In a single quarter last year, Duolingo used unsupervised machine learning to build a tool for determining the difficulty of any text for language learners. The team used the Common European Framework of Reference (CEFR), which has a six-level scale: A1 and A2 (beginner), B1 and B2 (intermediate), and C1 and C2 (advanced).
Not only does the tool classify the language level of the text, it also judges the level of individual words and constructions. The public version only has English and Spanish, which you can try yourself (CEFR Checker), but internally Duolingo also has it working for Spanish, French, Portuguese, German, and Italian.
“Our language and curriculum experts, as they’re developing the curricula, they organize vocabulary into the different levels,” Settles explained. “We’re basing this off of decades of research that has already been done on vocabulary profiles. We use that as training data. But the vast majority of work that is done in creating these vocabulary profiles is English-only, because learning English is a multi-billion dollar industry, whereas learning Portuguese, not so much.”

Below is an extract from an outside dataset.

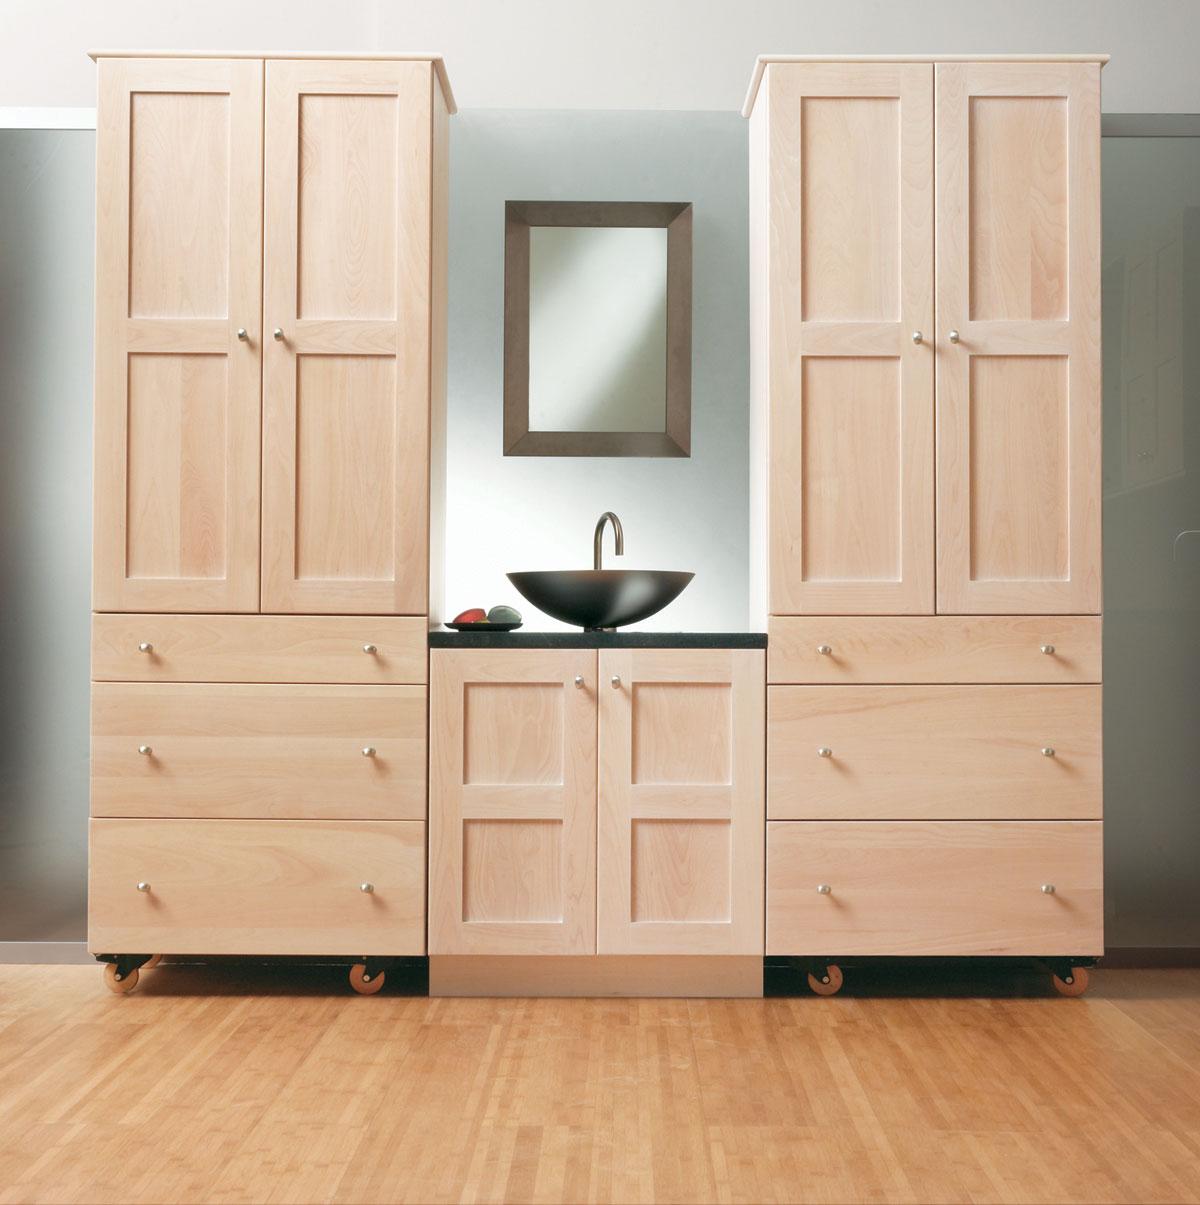 door knobs kitchen cabinets photo - 18

That limitation meant the team had to lean on its team of Ph.D.s in linguistics with classroom instruction experience who develop a lot of the course content. These linguists put together profiles of around 7,000 English words and labeled them per the CEFR. Then the AI team got to work training the model using massive amounts of text on the internet so it can learn the difficulty of all 10 million words in the English language via word embeddings and transfer learning.

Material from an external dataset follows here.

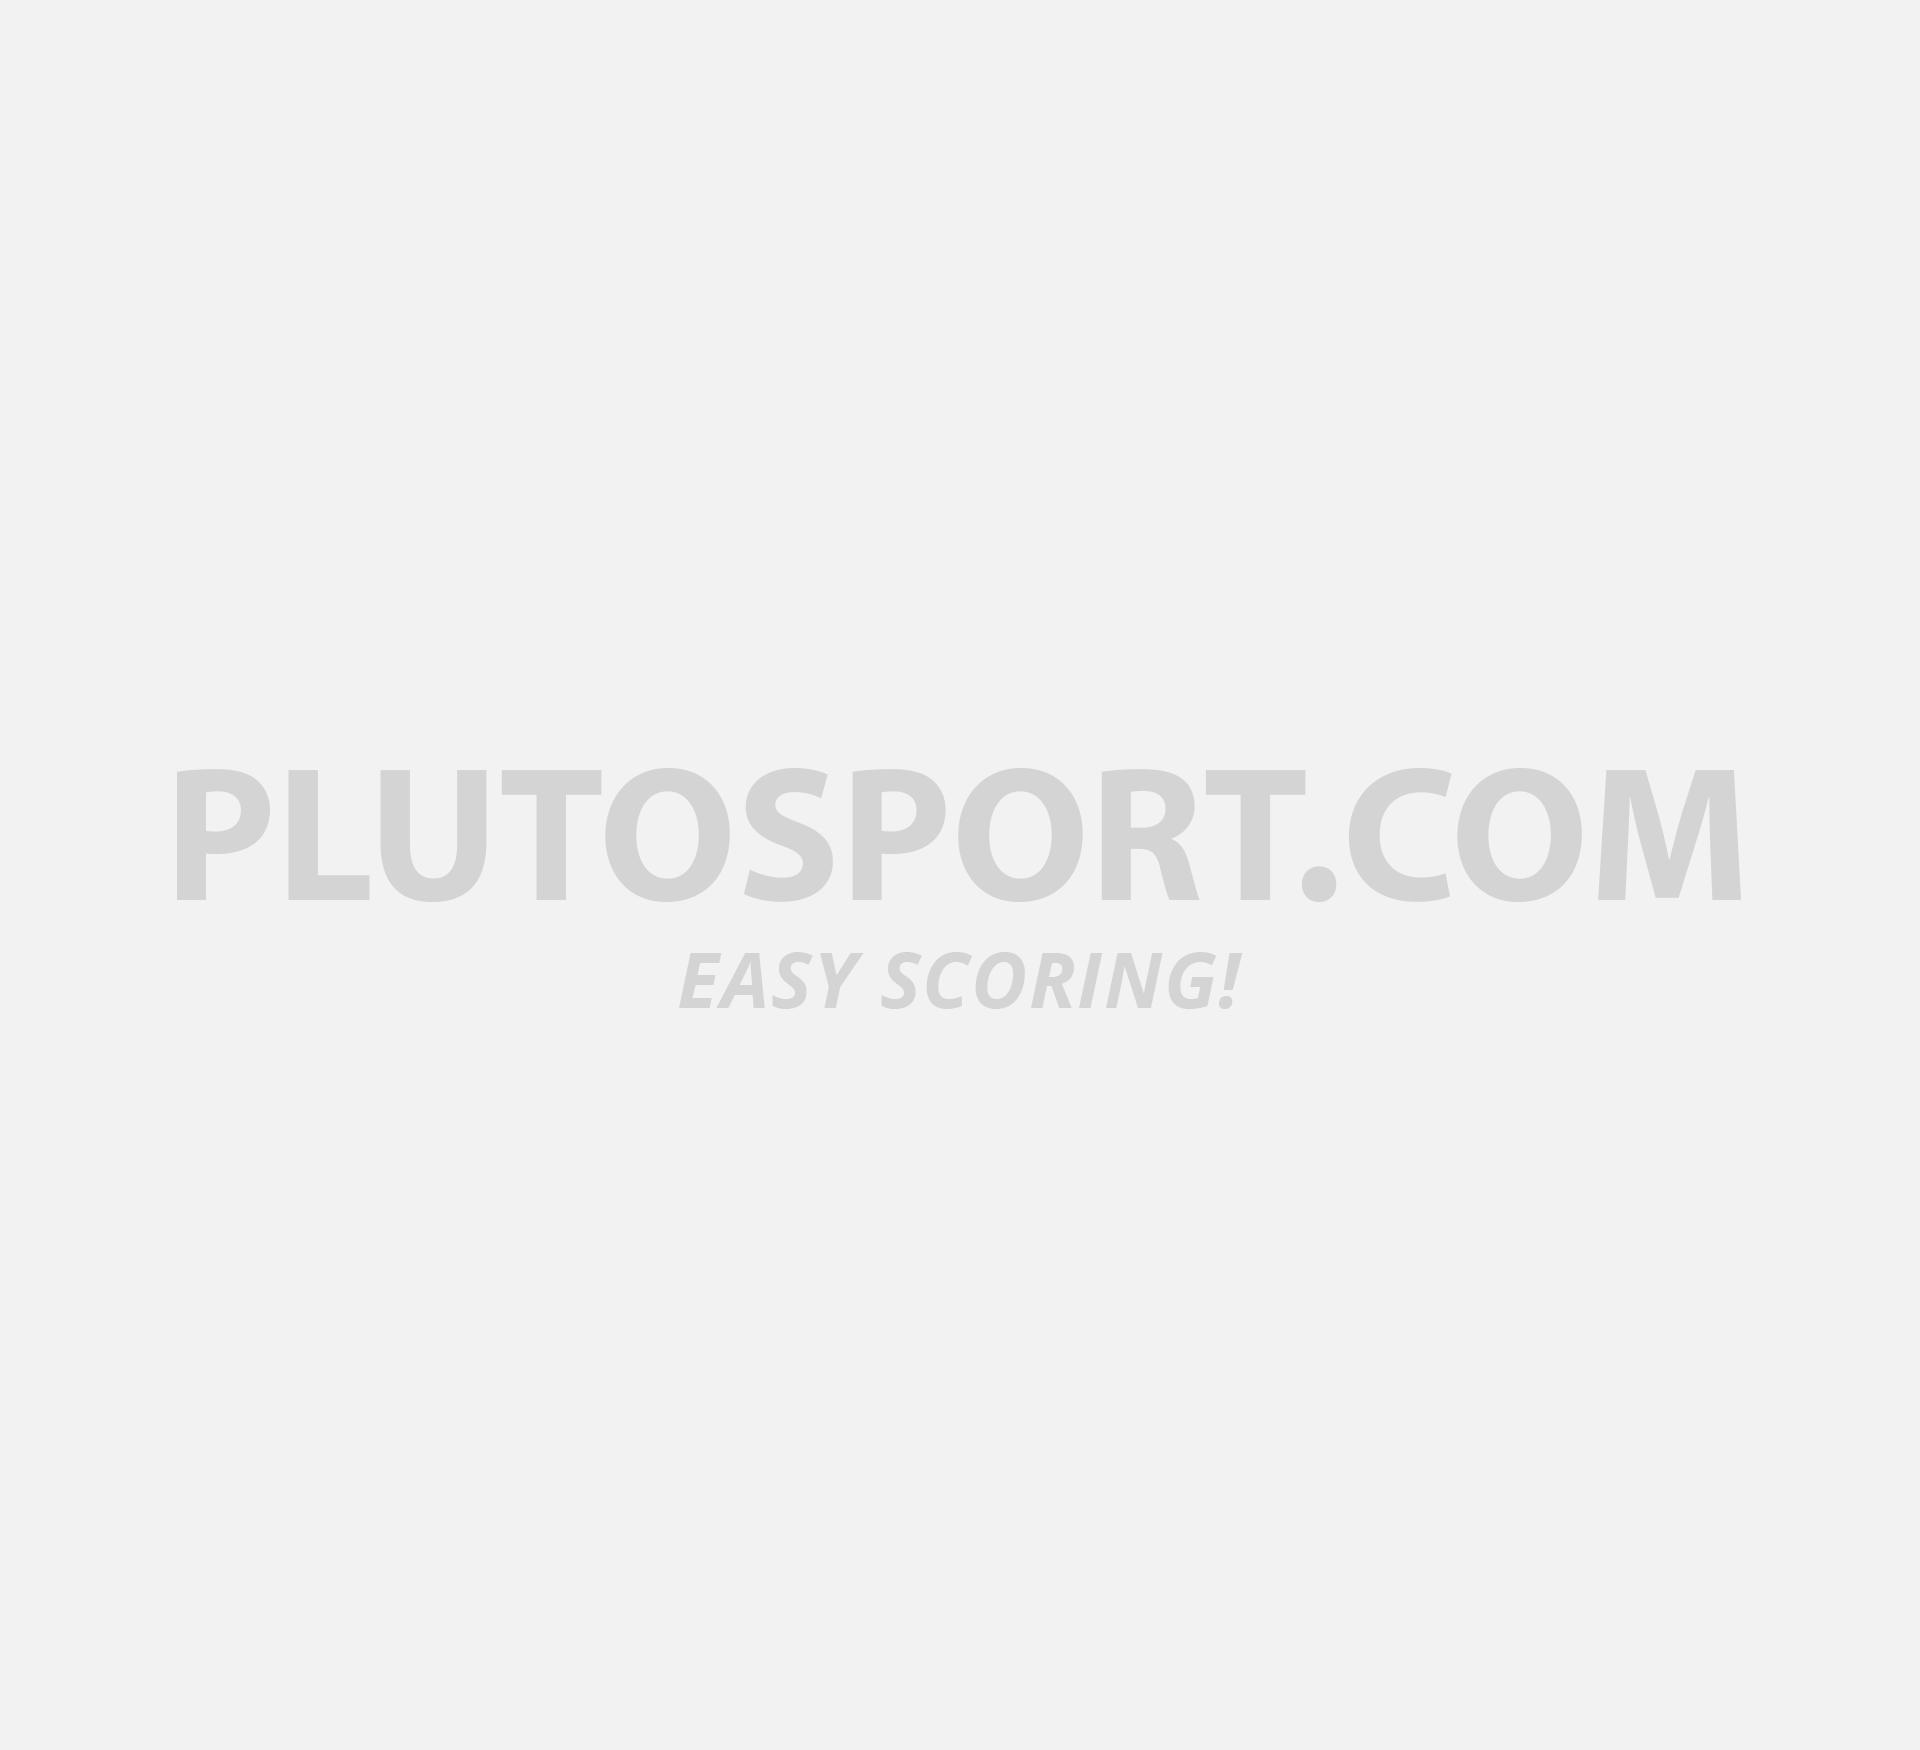 634f160d6 Mens Adidas Samba Millennium Indoor Soccer Shoe White Blue Grey 952 LRG adidas  indoor samba  8324953 adidas indoor samba

“We invented some multilingual natural language processing ways of transfer learning,” Settles said. “We’re essentially doing multilingual multitask transfer learning, where we have mostly data in English but we’re able to train a system that can make accurate predictions in Spanish, French, German, Italian, and Portuguese, even though we’re bootstrapping from English. It does make some mistakes. The curriculum experts in those languages can correct salient mistakes, and then we retrain the model until it becomes more accurate.”
Duolingo has a Stories tab that features short stories for testing your reading comprehension. The Stories team uses CEFR Checker to test whether the difficulty level of what they write is appropriate.

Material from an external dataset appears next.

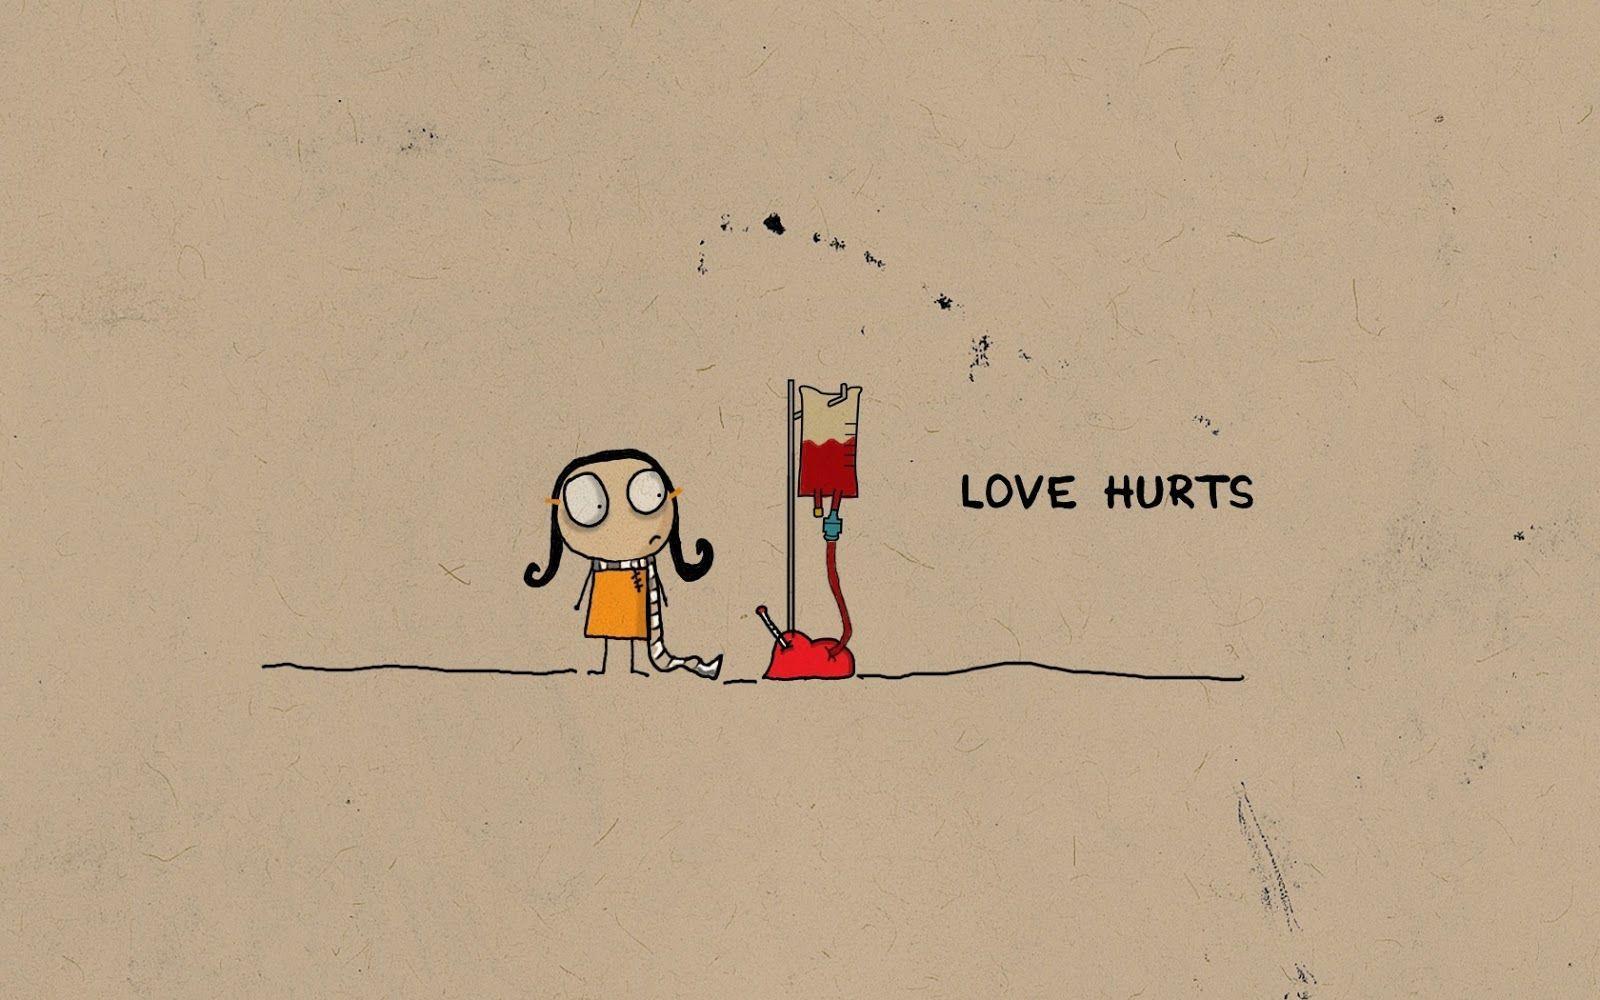 Love failure wallpapers wallpaper cave - Y love hurt wallpaper ...

“We say, ‘Okay, we need 10 more stories at this specific language level,’” von Ahn said. “Then we have writers write them and then we check whether they’re at that language level. If they’re not, we return them to the writers and we say ‘Hey this is too difficult still, you should simplify it.’”
Duolingo also records podcasts so you can keep learning outside of the app. The podcast team similarly uses CEFR Checker to make sure the script they wrote before they start recording is the right level of difficulty for a given episode. Other teams at the company are also using CEFR Checker and making feature requests to the point that Settles wants to go back and improve it.
Above you can see CEFR Checker’s analysis of this article.
The most important question I asked the duo was the one thing Duolingo users struggle with the most: What order should I do lessons in?
“We’ve explored this, and we probably should continue exploring it,” von Ahn said. “This is something that we know that a lot of people struggle with — what is the best order to do it? We’ve thought about this quite a bit and yeah, that’s something that we have used AI for in the past, but I don’t think we’ve ever done anything that is better than what we currently have there, which is just kind of letting people explore.”
Duolingo unlocks harder lessons based on past lessons you’ve completed, but that’s the only guidance you get. Could AI help you pick what to learn next?
“Probably at some point because we now have the tools to start working on that,” Settles said. “So it is in the backlog of things to put on the roadmap.”